[BUG] `distinct_count_approx` does not work with array types
Query Information
PPL Query:
source = opensearch_dashboards_sample_data_ecommerce
| stats distinct_count_approx(`manufacturer`) as dc
Expected Result:
distinct_count_approx should return an approximate distinct count of the values in the manufacturer field, regardless of whether the field is a single value or an array.

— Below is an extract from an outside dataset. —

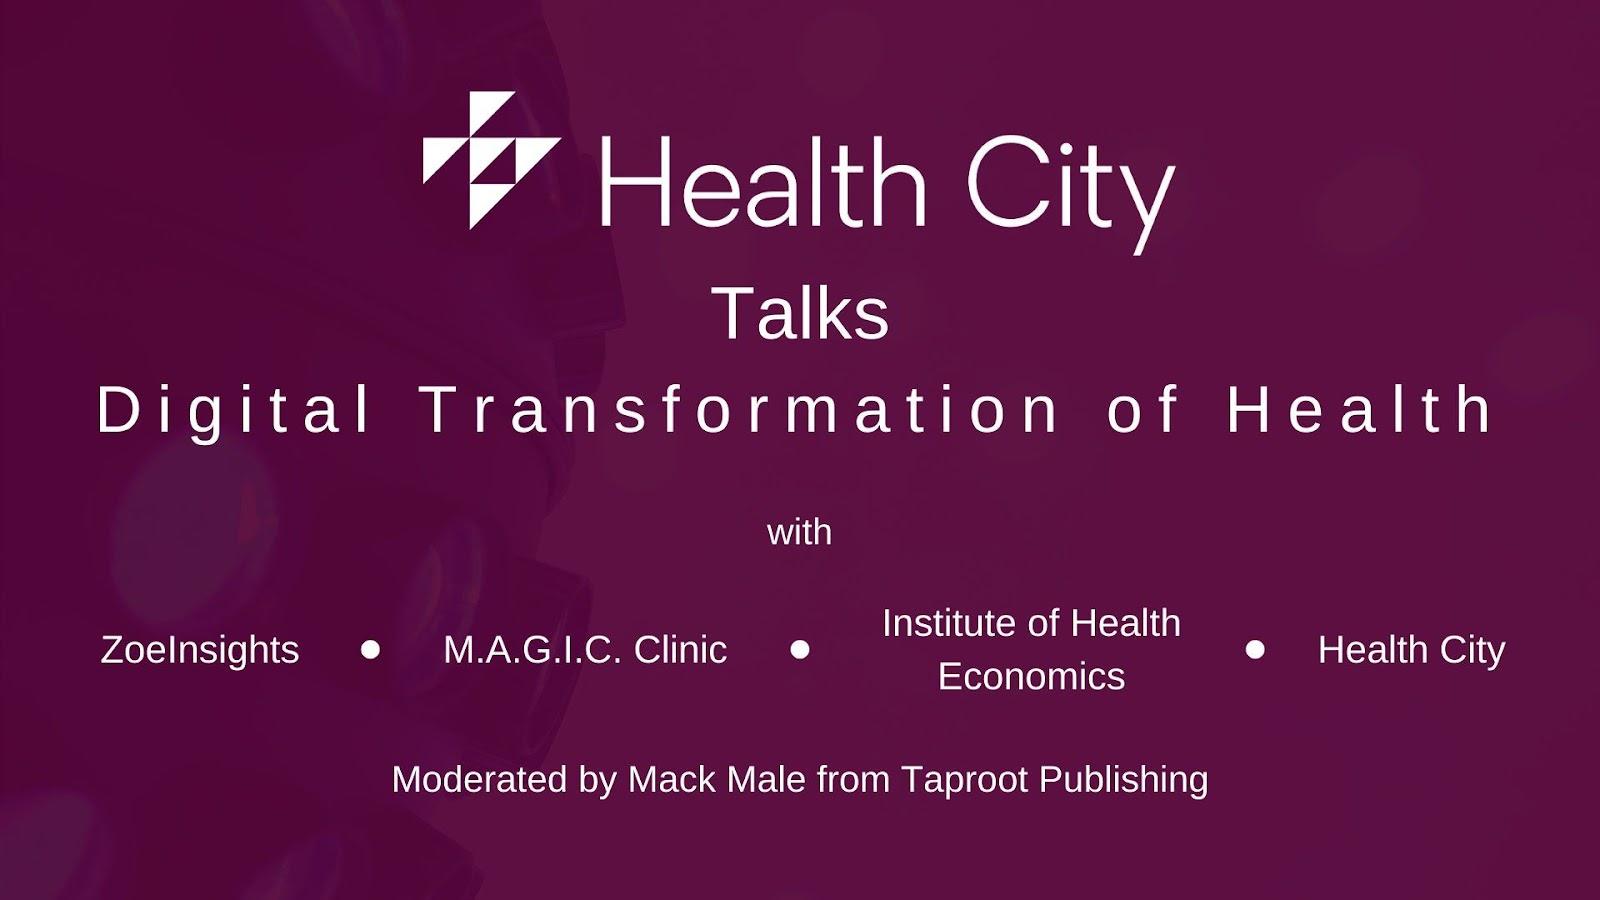 Health city talks

Actual Result: The query fails when the target field is of array type:
{
"error": {
"reason": "There was internal problem at backend",
"details": "java.sql.SQLException: exception while executing query: class java.util.ArrayList cannot be cast to class java.lang.String (java.util.ArrayList and java.lang.String are in module java.base of loader 'bootstrap')",
"type": "RuntimeException"
},
"status": 500
}
Steps to Reproduce:
-
Create an index with an array-type field (e.g.,
manufactureras["A", "B"]). -
Run:
source = your_index | stats distinct_count_approx(`manufacturer`) -
Observe that the query fails with a
500 Internal Server Error.
I'm looking on this.
Previously, it fails since it doesn't pushdown. I already push down approx distinct count in #4614 . But we cannot apply aggregation on array rows when its scheme is not nested. This is decided by the calcite architecture.